The next day they actually called to ask when I wanted to start...with a column heading titled ‘Reflections’
***Life lesson learned from this event: if we don’t ask, if we don’t risk, if we don’t try – then we don’t harvest…
Had I walked into the Whitecourt Star that first day with certainty and confidence? Nope! I was so numb with doubt I could barely think. But if we manage to cling to our courage - you like me discover that we often accomplish some of your best ‘stuff’ scared half out of your mind.
Those sample columns gave me a three-week head start, good thing too. With a toddler and newborn any organizational follow-through was more accident than design. Legos, puzzles and Fisher-Price now my main interior design theme, I set up my ‘office’ in the laundry room. Since the washer, the dryer and ironing board took up most of the floor area there was just enough room for my sewing machine cabinet that just fit wedged between the washing machine and wall behind the door. When the sewing machine was down my new Sears catalogue portable, blue typewriter fit nicely on top. Typing paper, ribbon, pens and other writing supplies [like whiteout] shared shelf space with laundry detergent, stain remover and an iron.
I was all set.
That first afternoon after daughter and son were down for a nap, I put a clean piece of paper in the typewriter, rolled it through to start typing then went into full panic mode. With a jolt it hit me. I had committed to producing a column every-single-week well into the distant future! Someone was paying me for my work and holding valuable print space on a page that local businesses wanted for their ads! Yikes!
Two and a half years later I left my weekly column behind with a mixture of regret and relief.
The regret part, certainly understood by any writer reading this - was directly attached to an opportunity the publishers of The Whitecourt Star [regional weekly newspaper] gave to a virtual unknown. The newspaper owners were both brave and bold.

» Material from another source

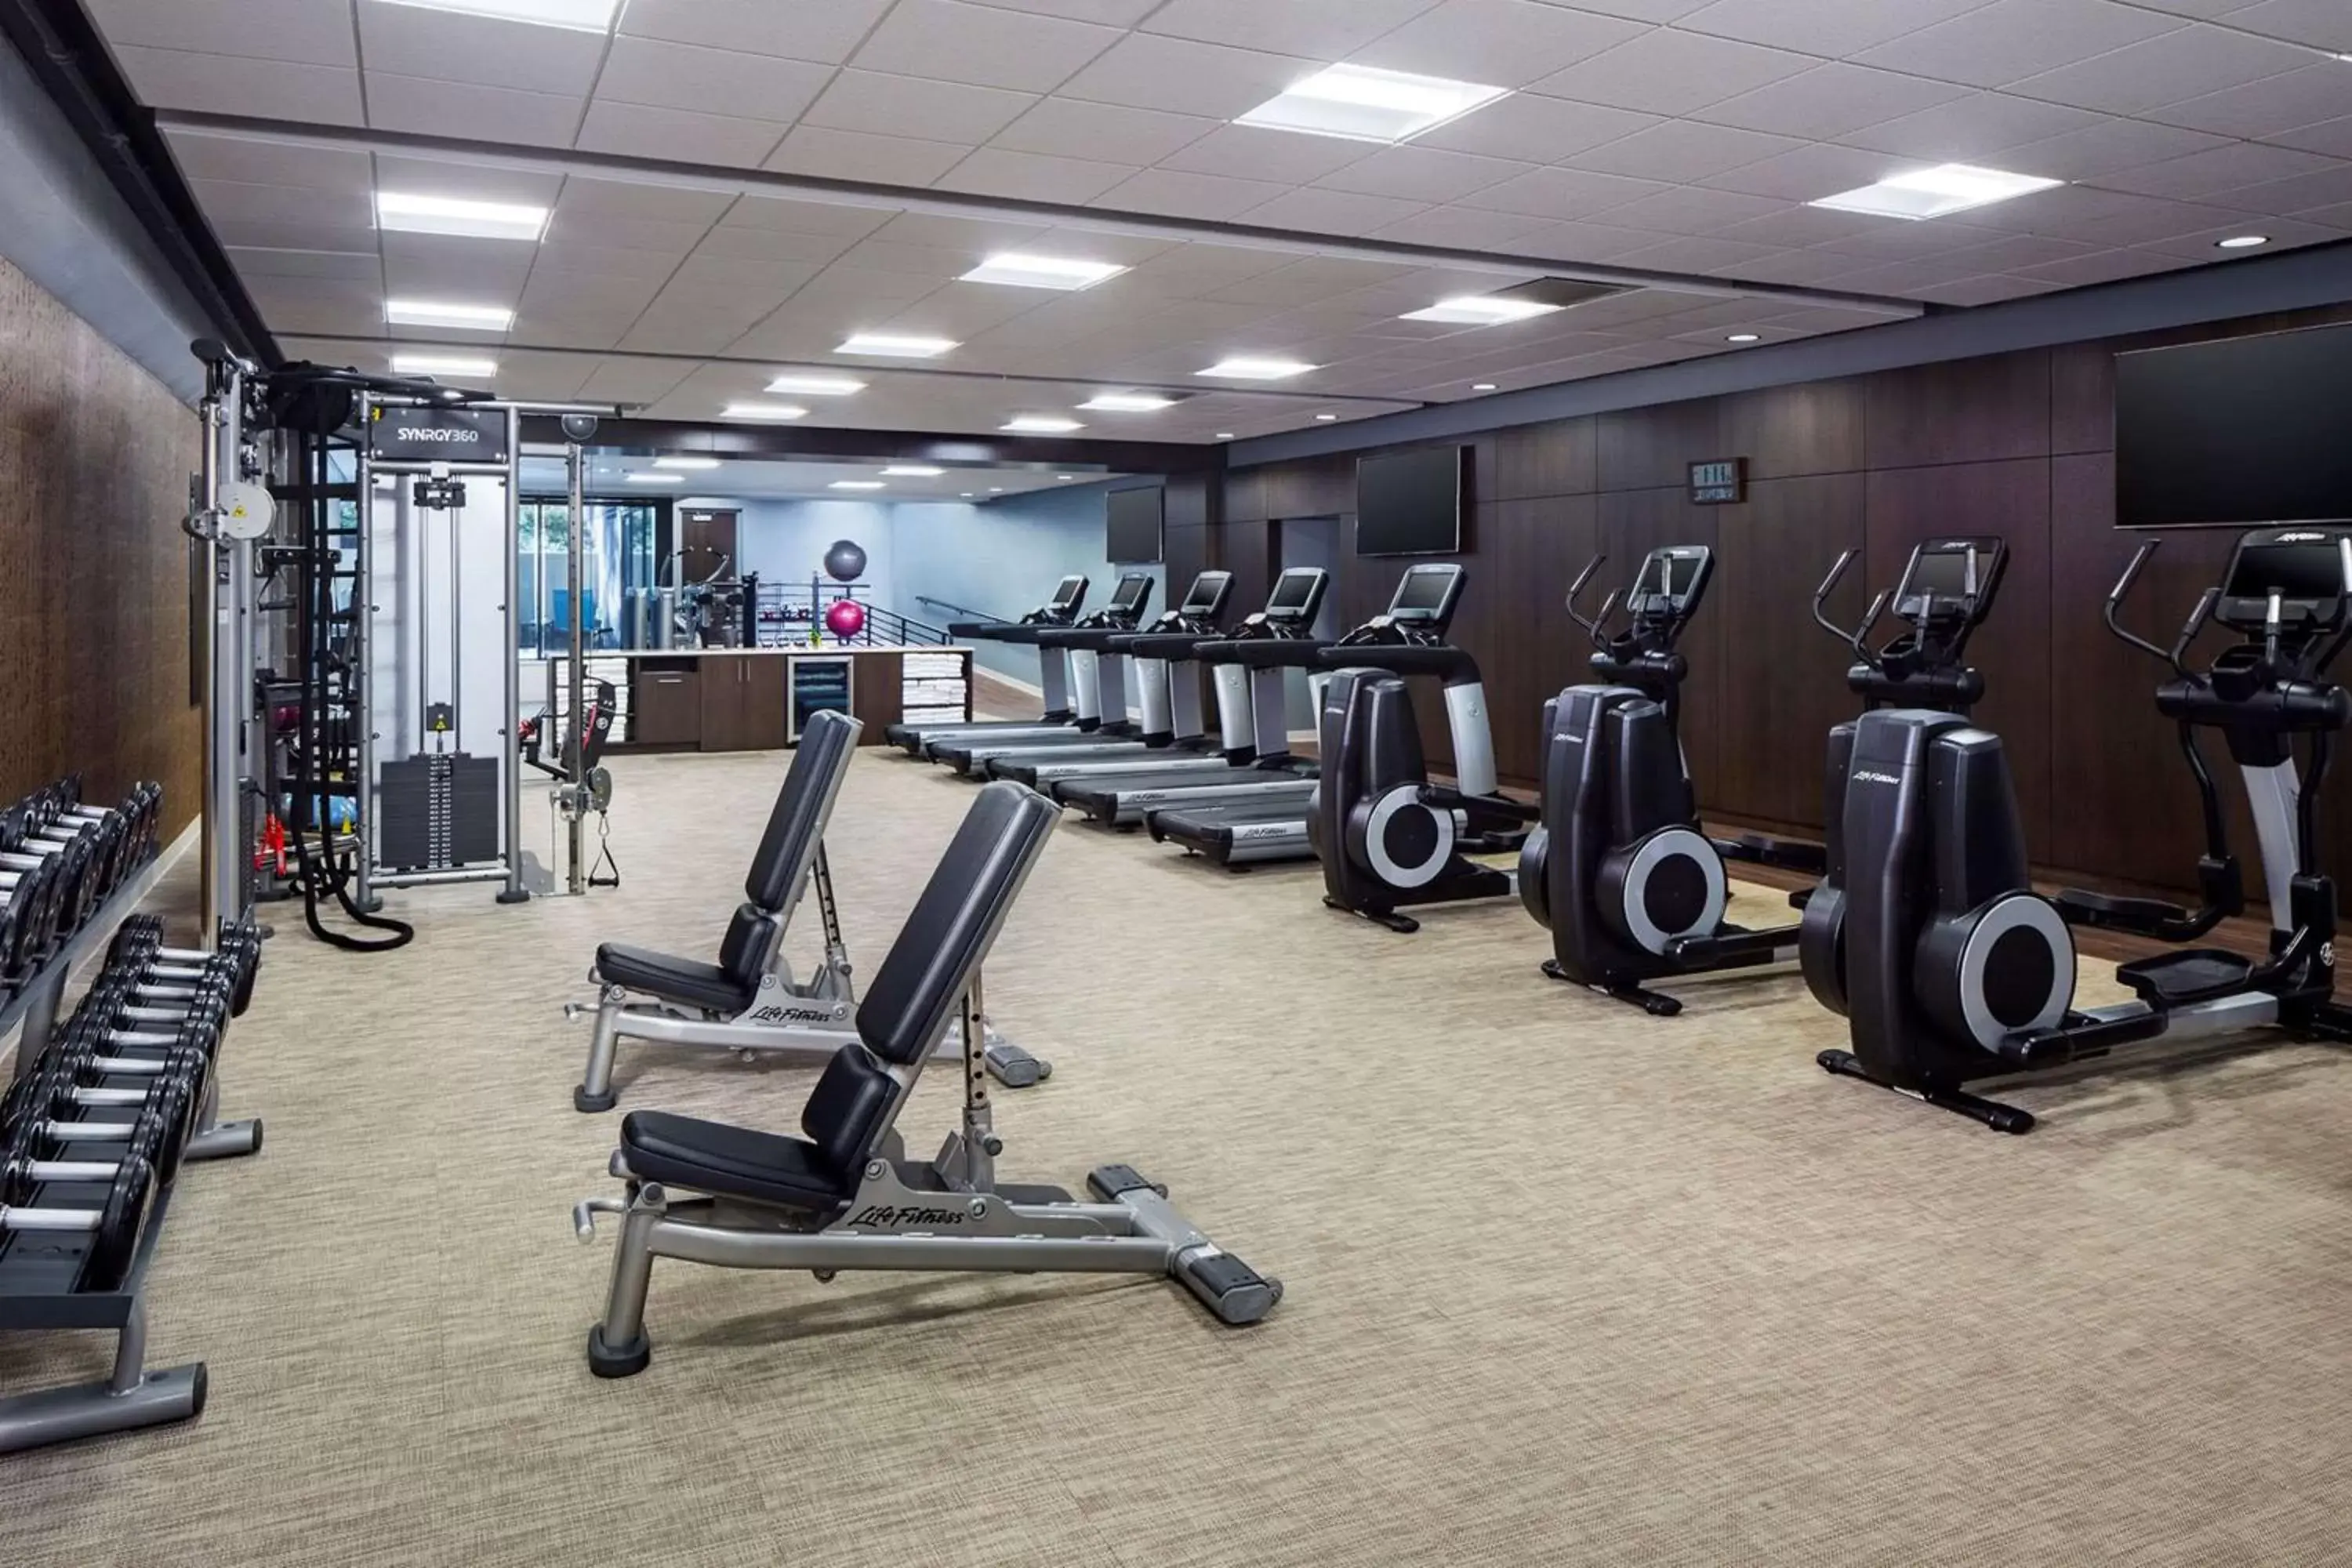 Fitness centre/facilities, Fitness Center/Facilities in Hyatt Regency Columbus

The relief I felt [momentarily] was persistent doubt that kept returning each week that I could create and then write anything interesting or relevant - again.
I have since learned that [1.] every writer has that same feeling and [2.] that feeling never goes away – which is actually good. Those clouds of doubt that hover just above the head of every writer I’ve met, is healthy. So long as your doubt doesn’t block you from writing it actually prompts you [well me at least] to strive to write the next feature, the next column or next book as engrossing or more enthralling than the last.
For me that shadow of doubt has been a self-inflicted form of quality control. People may praise my work or criticize my work, but I always want my readers to ‘get something’ from my work. And – personally I want to avoid wasting any reader’s time.
Nevertheless, beyond regret or relief or doubt something else had happened to me during my 168 weeks writing a regular column. Something had shifted.
Actually the ‘shift’ began with my three years on The Static but became even more deeply rooted when someone not only published what I wrote they paid me to write, then kept paying me and kept publishing my work because the page on which my column appeared was also the page businesses wanted their ads.
I remember the first time I actually acknowledged I was a writer. I had tagged along with [former] Hubby to an oil and gas conference in Alburquerque, New Mexico. During a social mingling of attendees with their spouses someone asked me what I did. Out of my mouth came the words, “I’m a writer.”
With my own surprise response, I now ‘thought’ of myself as a writer. Also, at that gathering I realized it had been more than three years since I had written much of anything, except a fiction plot draft still in a three-ring binder - that decades later would become my first mystery-suspense, SHADOWS AND LIGHT.
Returning home I was motivated to buy an actual desk and found an old rolltop then dusted off my little portable blue typewriter [not yet tempted to buy a PC] and again prepared to stick my neck out, testing myself further. And because my first professional break had been with a weekly newspaper, I targeted The Mirror a city-wide weekly newspaper published for various Calgary communities, by the Calgary Sun [daily] national, newspaper chain.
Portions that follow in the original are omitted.